Es war eine freudige Überraschung zu sehen, dass wir im normalen Betrieb keine großen Strafen erlitten haben. Da wir uns, wie bereits erwähnt, für die Verwendung des SYSLOG-Handlers entschieden haben, bedeutete dies, dass wir normalerweise keine lokale Festplattenkapazität zum Verfolgen dieser Audit-Ereignisse verwenden mussten.

Wir wollten aber auch nicht nur nach „Normalbetrieb“-Zeiten planen.

Wir mussten auch wissen, dass, wenn rsyslog auf lokale Spooldateien zurückgreifen muss, diese Ereignisse nicht zu Dienstausfällen führen, die sich auf die kritischeren DB-Cluster auswirken. Durch das Testen des rsyslog-Spooling-Verhaltens unter genauer Beobachtung in der Produktion stellten wir fest, dass die Arbeit der letzten Jahre, unsere Datenbanken funktional zu fragmentieren, uns den ungeplanten Vorteil einer Menge Festplatten-IOPs-Kapazität eingebracht hat, um Ereignisse wie das rsyslog-Spoolen auf die Festplatte zu absorbieren, die dann zum erneuten Senden benötigt wurden all diese Veranstaltungen.

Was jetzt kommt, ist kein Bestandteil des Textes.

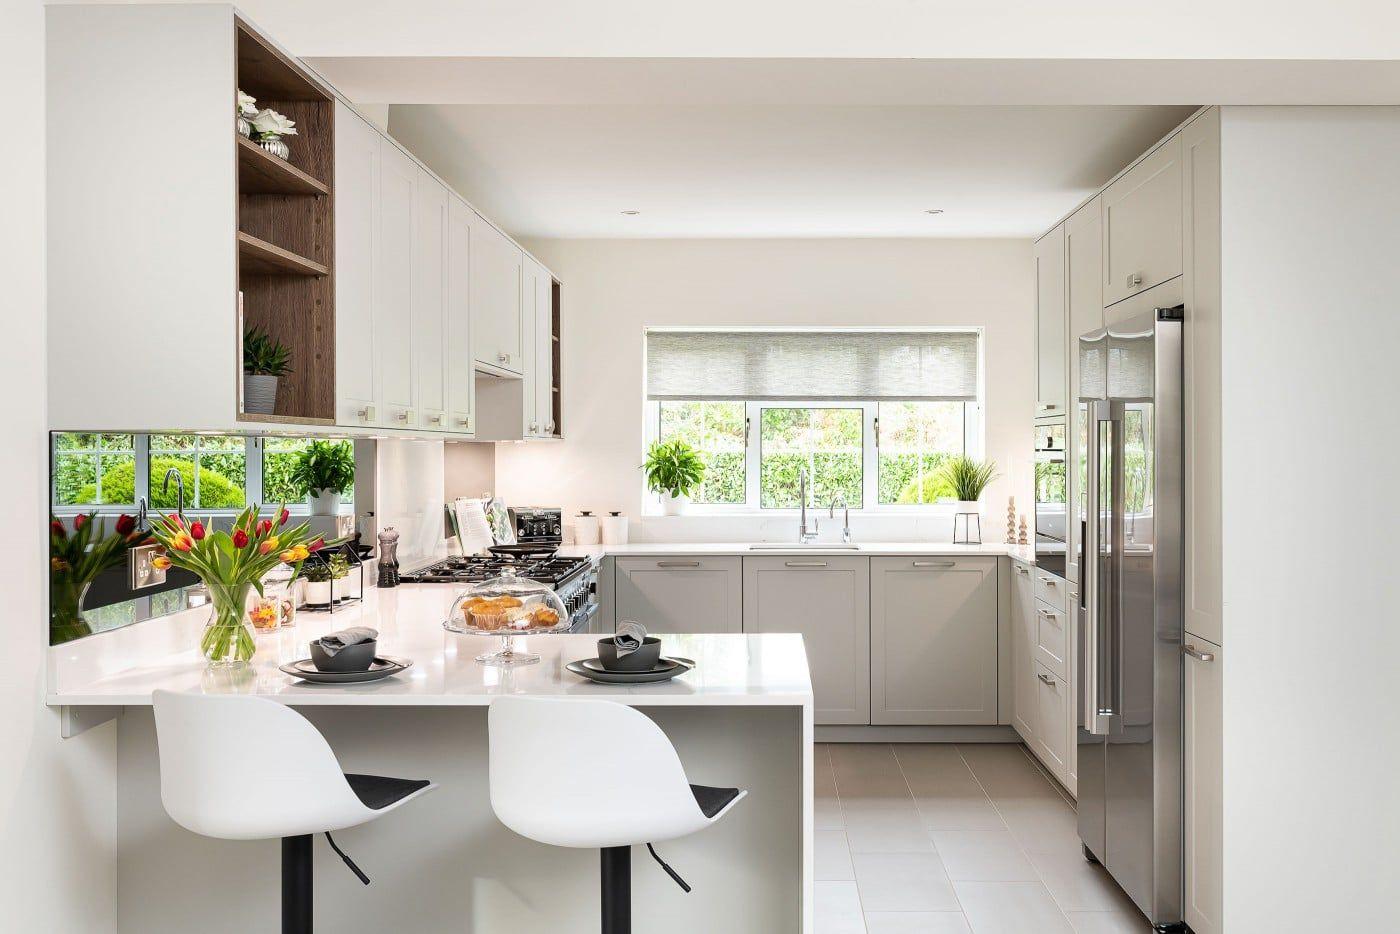 Ushape kitchen with a peninsula Shaker style
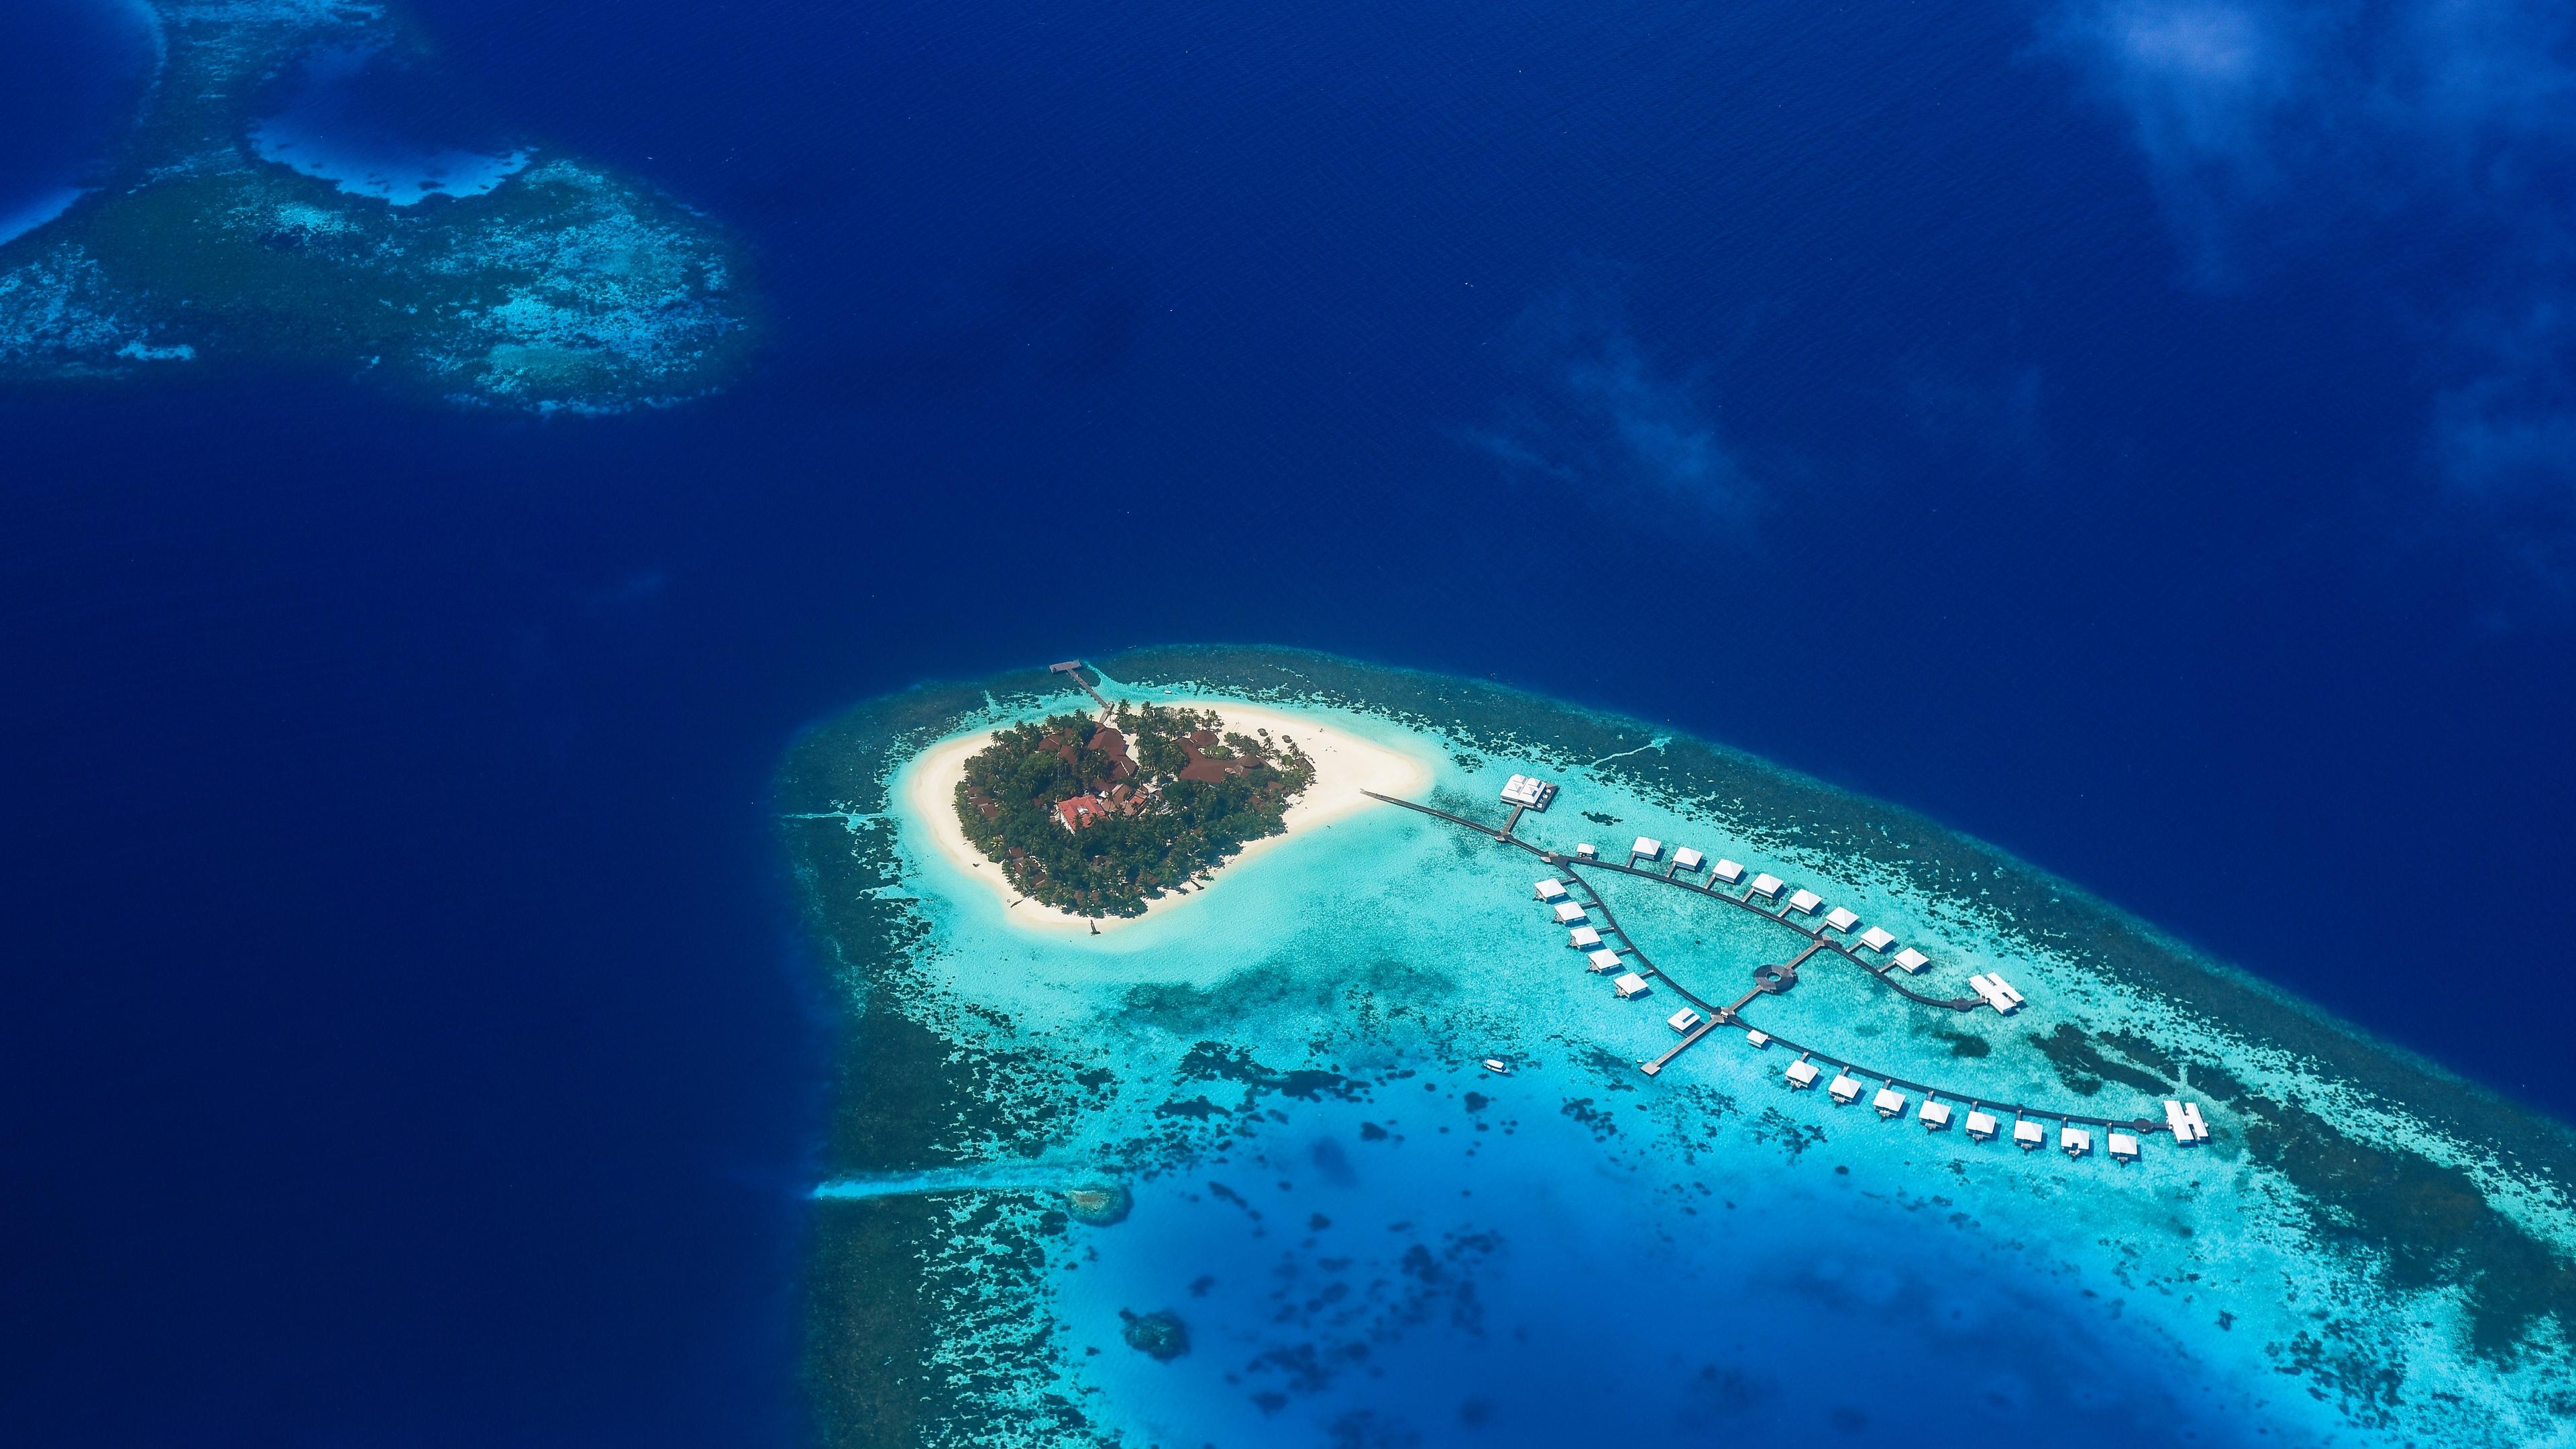 island ocean top view tropics paradise bay 4k 1541117302 - island, ocean, top view, tropics, paradise, bay 4k - top view, Ocean, Island

Wir haben definitiv die Zunahme der Festplattenauslastung während dieser Ereignisse festgestellt, aber die DB-Instances wurden nie in einen kritischen Zustand versetzt oder die kundenorientierten Aktivitäten beeinträchtigt.

Kompromisse

Wie bei allem in der Softwareentwicklung gibt es immer Kompromisse. In diesem Projekt haben wir eine Protokollbereitstellungsmethode in Betracht gezogen, die zuverlässiger ist und ein geringeres Potenzial für verlorene Protokolle aufweist. Das würde bedeuten, die Protokolle auf die Festplatte zu schreiben und sie dann mit so etwas wie logstash aufzunehmen und an Analyseziele zu senden, die das Sicherheitsteam verwenden kann.

Aber das hätte einen erheblichen Platten-IOP-Verbrauch auf der Datenbankseite bedeutet, von dem wir wussten, dass er möglicherweise die Servicequalität von kundenorientierten Anrufen bei diesen Datenbanken beeinträchtigen könnte.

Wir haben entschieden, dass unsere geschäftlichen Anforderungen ausreichend erfüllt werden, indem wir eine robuste Protokollierung in rsyslog verwenden, einen Spool von angemessener Größe verwenden und TCP verwenden, um die Ereignisse an unseren Protokollüberwachungsstapel zu senden. Wie alles im Leben ist nichts für immer. Und wir sind uns bewusst, dass diese Entscheidung möglicherweise in Zukunft überdacht werden muss.

Endlich

Obwohl dieses Projekt ein halbes Dutzend Cluster und eine große Anzahl von Instanzen umfasste, wurde es in einem einzigen Quartal abgeschlossen, während das DB-Ops-Team in einem immer noch schnell wachsenden Geschäft weiterhin das Licht am Laufen hielt. Das wäre ohne die enge Zusammenarbeit zwischen der DBE und dem Sicherheitsteam nicht möglich gewesen und nicht ohne ein starkes Produktmanagement, das den Umfang begrenzt und bekannt hielt, um sicherzustellen, dass wir alle unser Endziel im Auge behalten, unser Geschäft sicherer zu machen.